• AIM OF THE TASK:
Go through the records and transcribe them exactly, passing over any picture.

[Stored records]
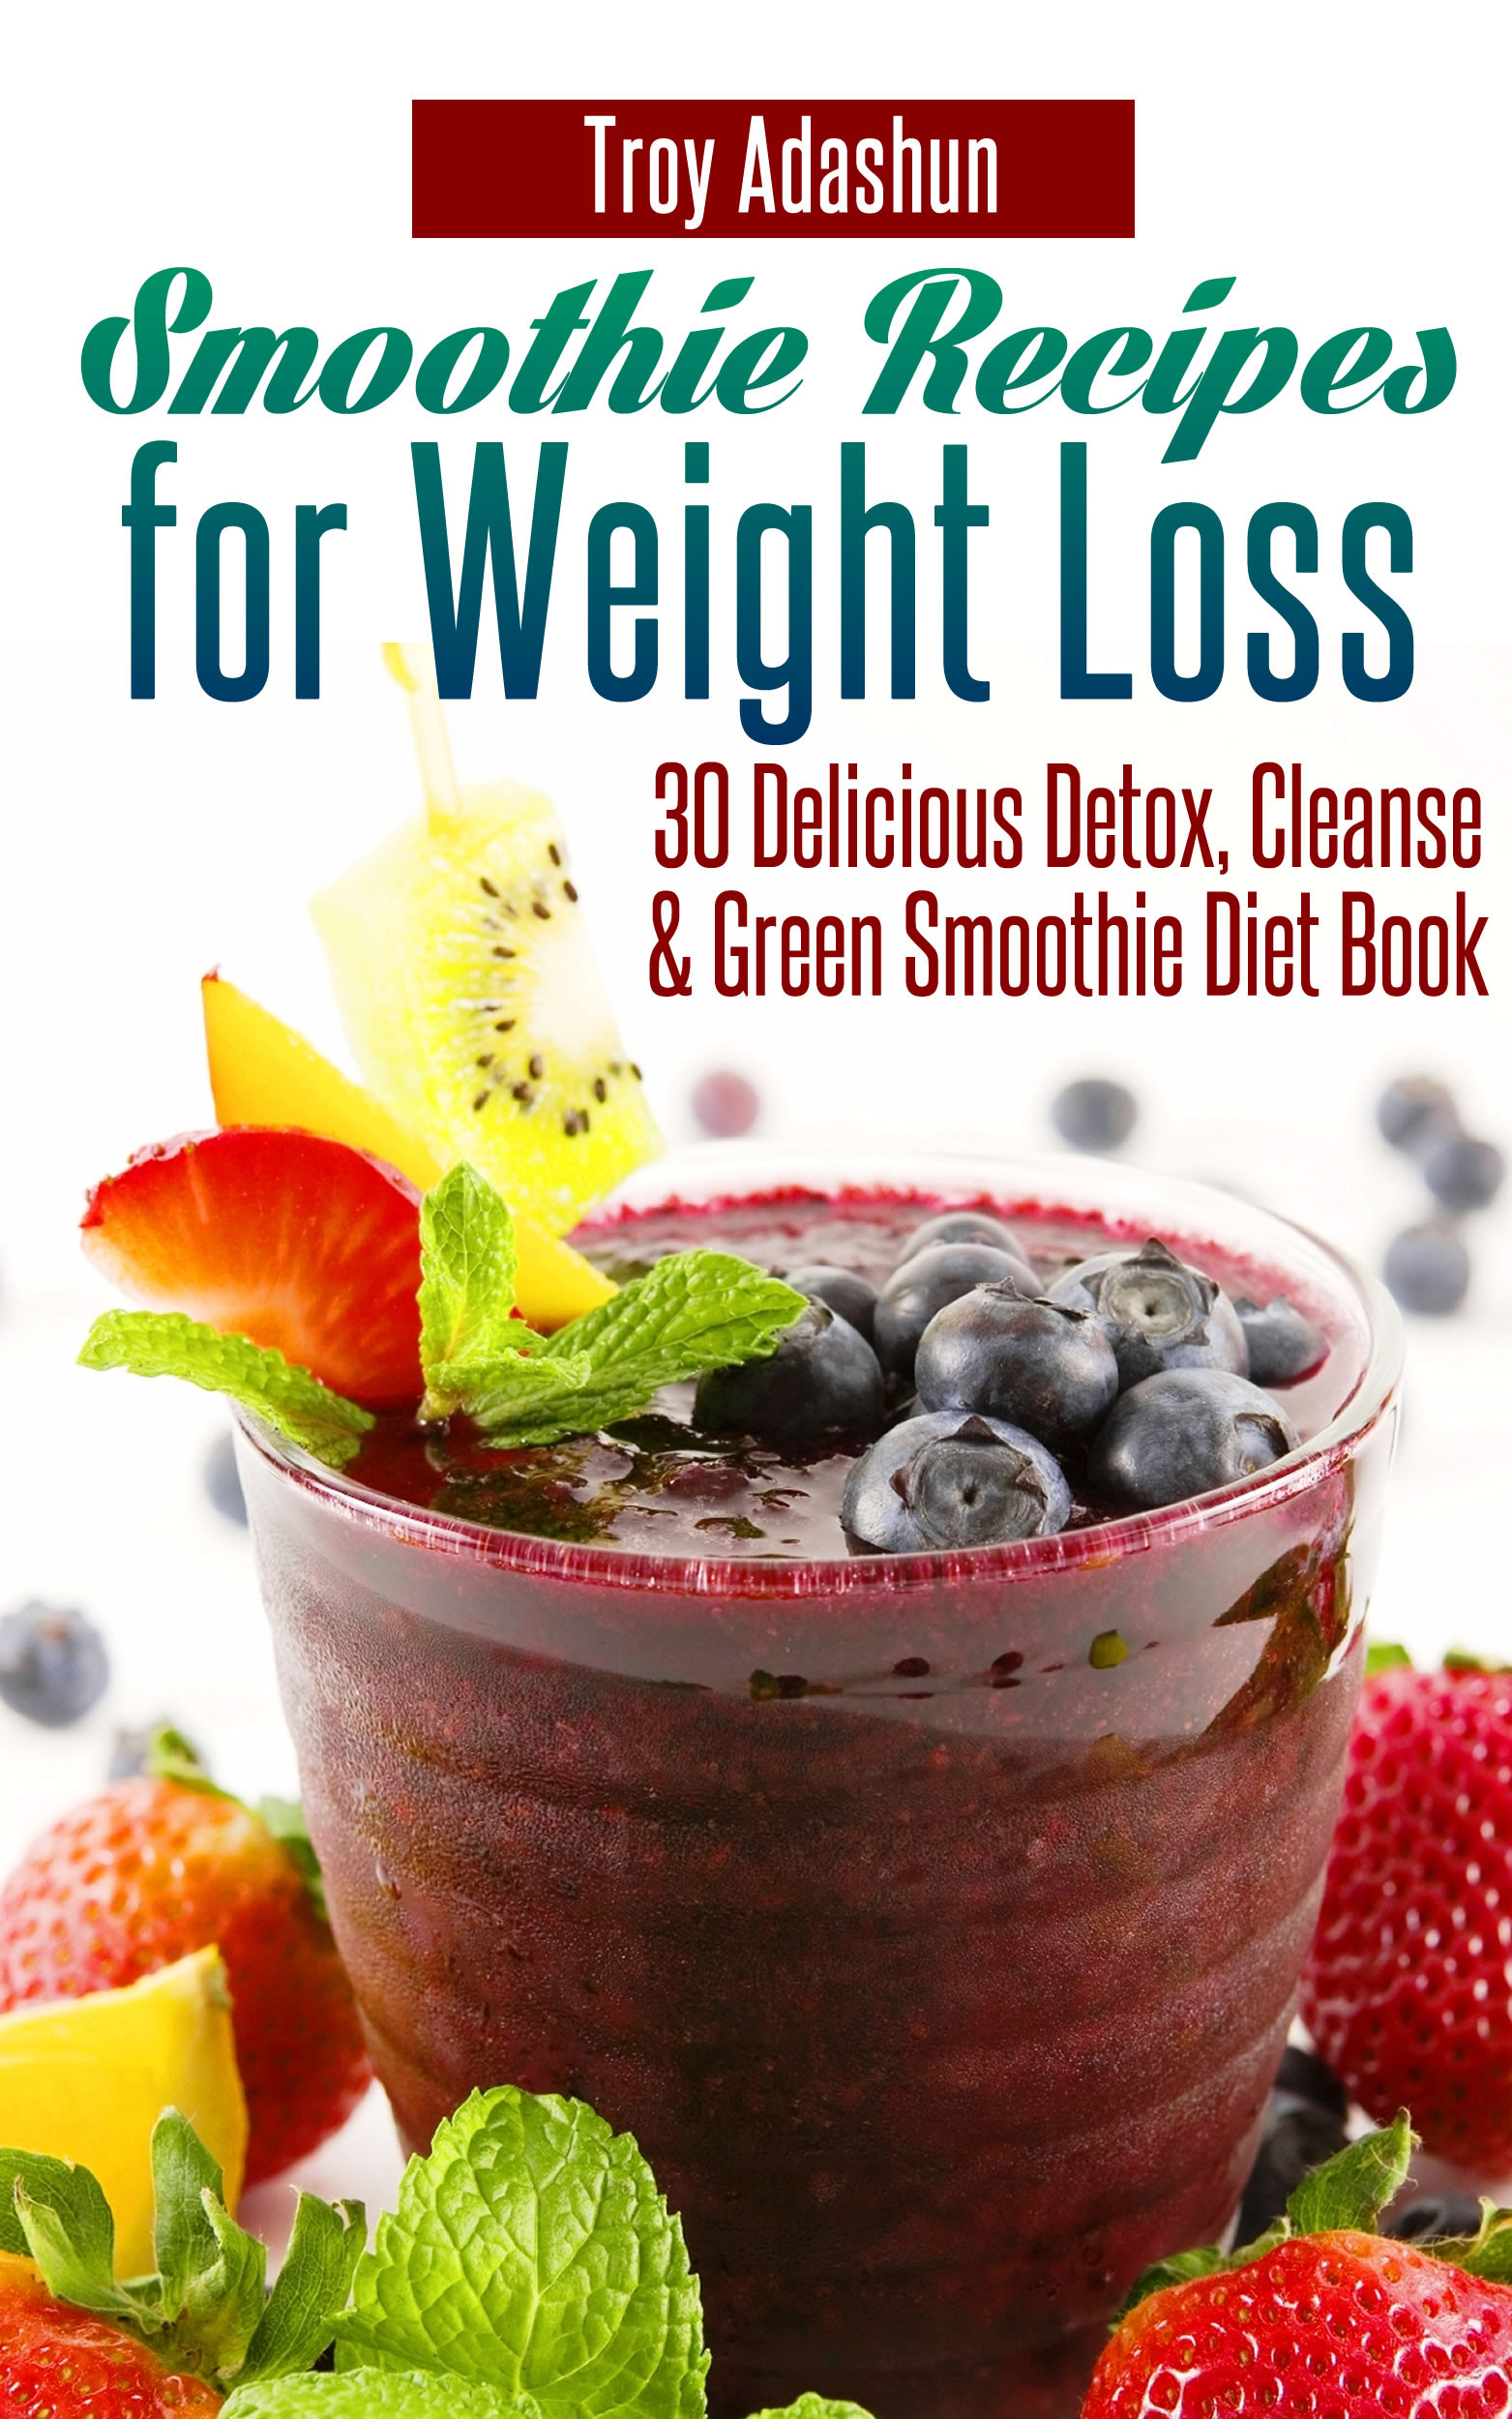 Weight Loss Smoothies Diet
 Smashwords – Smoothie Recipes for Weight Loss 30
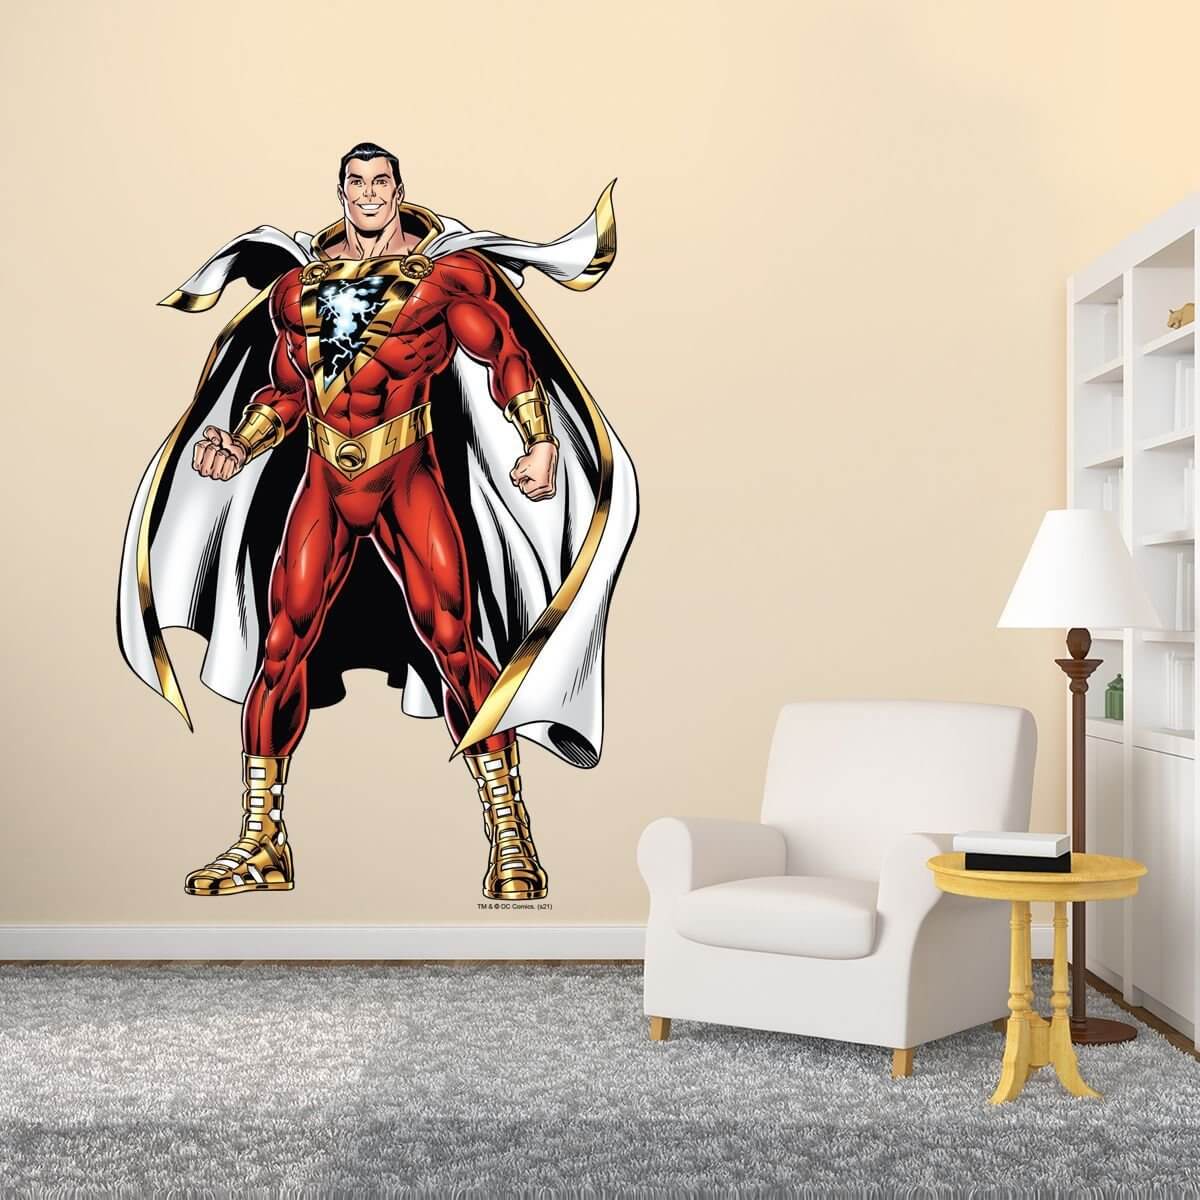 Kismet Decals Shazam! Earth's Hero Licensed Wall Sticker - Easy DIY Justice League Home & Room Decor Wall Art - Kismet Decals
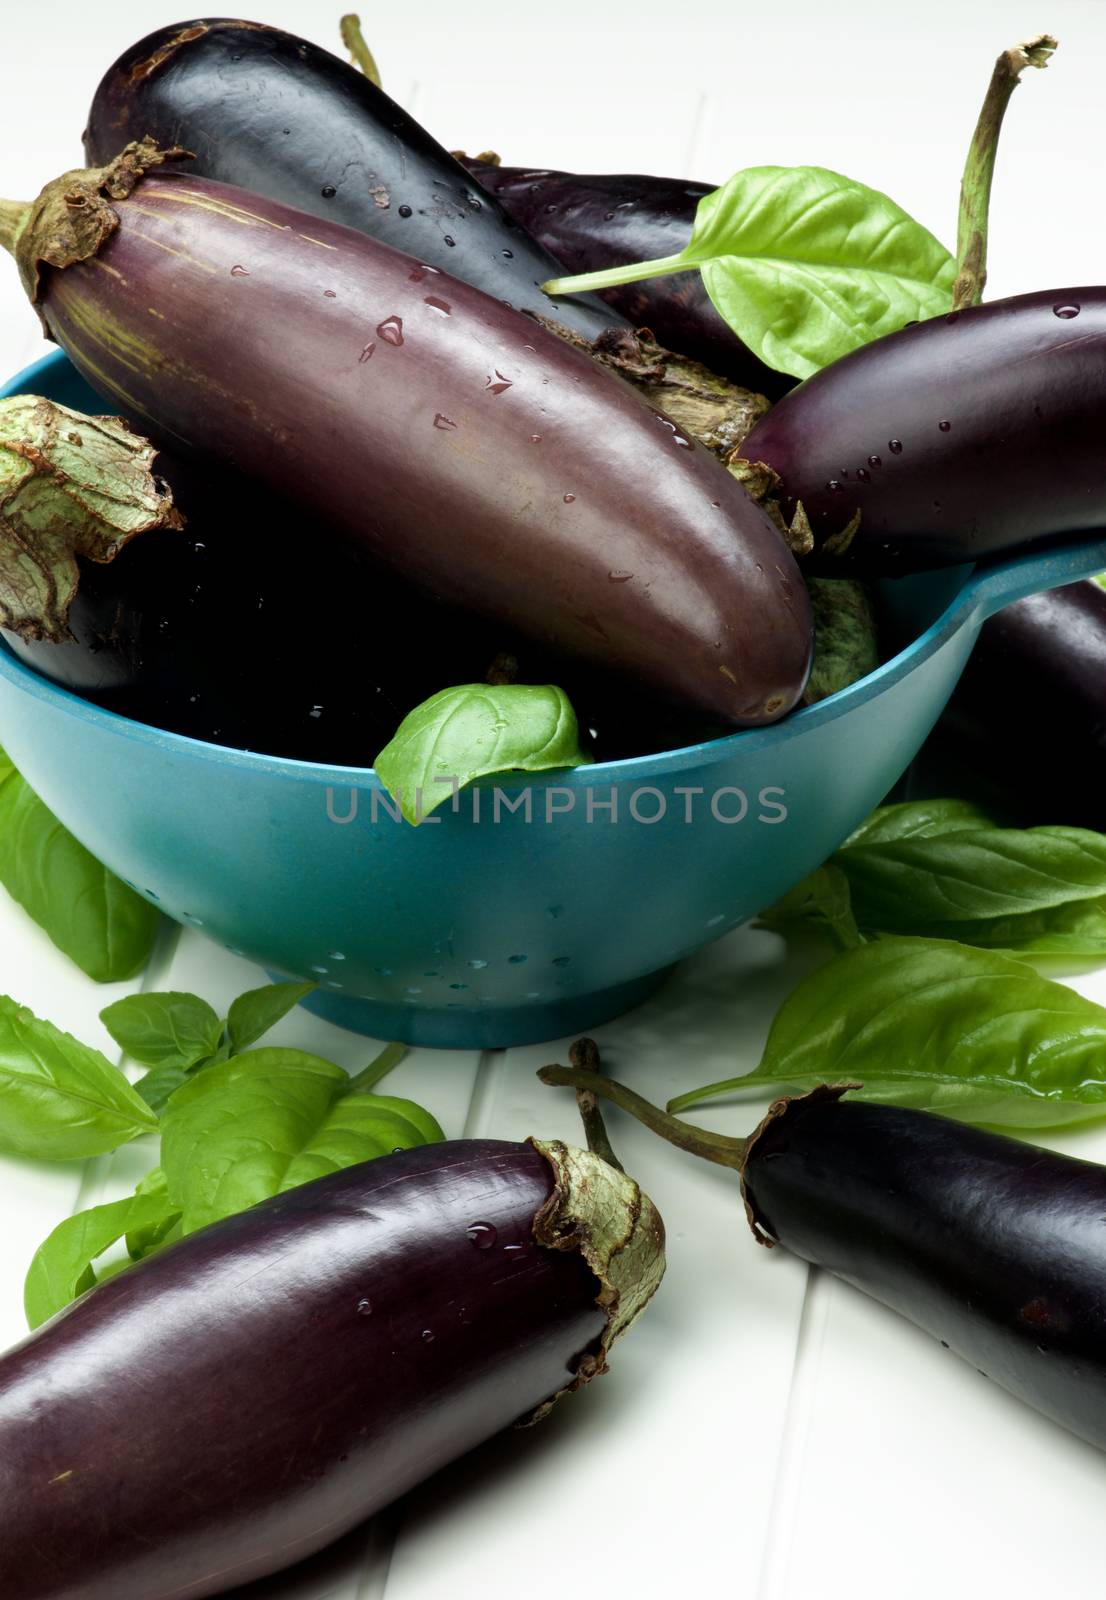 Blue Colander Full of Fresh Raw Small Eggplants and Basil Leafs closeup on White Plank background
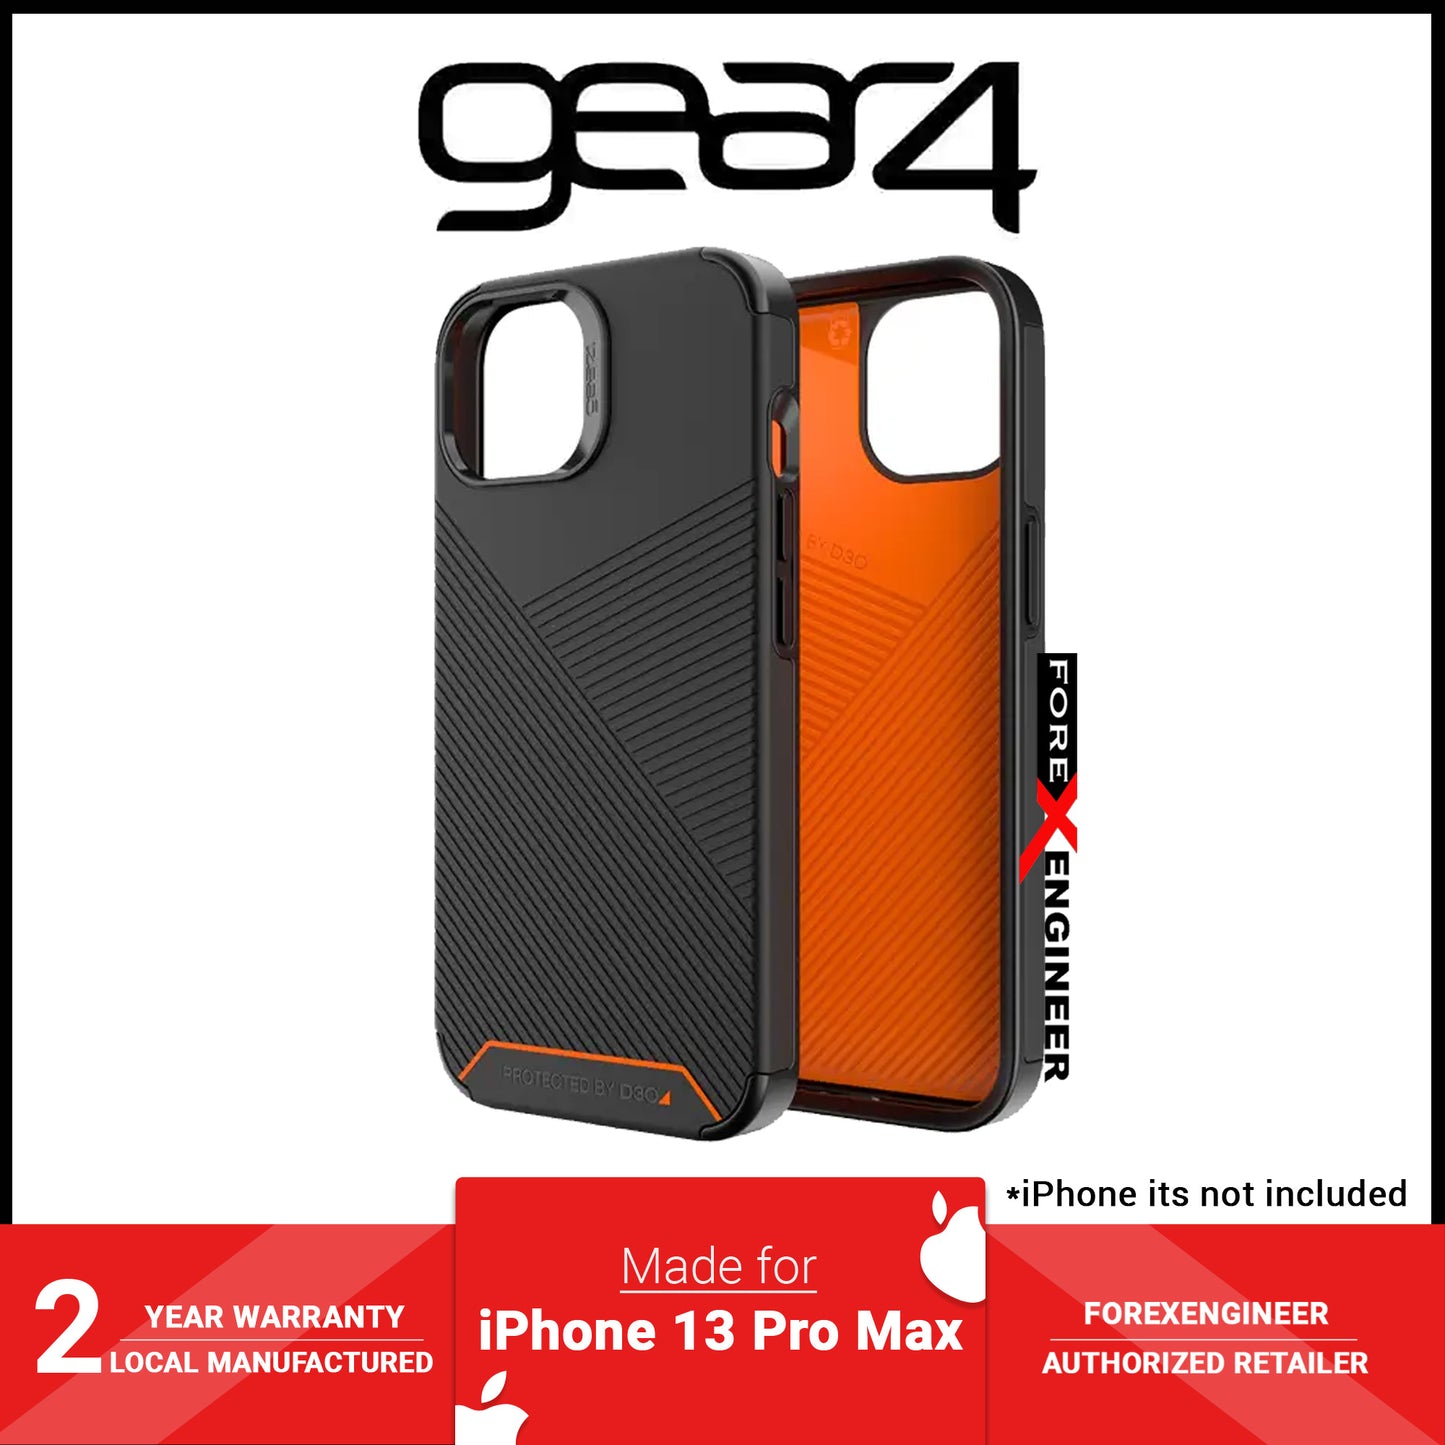 Gear4 Denali for iPhone 13 Pro Max 6.7" 5G - Black (Barcode: 840056146679 )

• FINISHED TASK:
 Weight Loss Smoothies Diet
 Smashwords – Smoothie Recipes for Weight Loss 30
 Kismet Decals Shazam! Earth's Hero Licensed Wall Sticker - Easy DIY Justice League Home & Room Decor Wall Art - Kismet Decals
 Blue Colander Full of Fresh Raw Small Eggplants and Basil Leafs closeup on White Plank background
 Gear4 Denali for iPhone 13 Pro Max 6.7" 5G - Black (Barcode: 840056146679 )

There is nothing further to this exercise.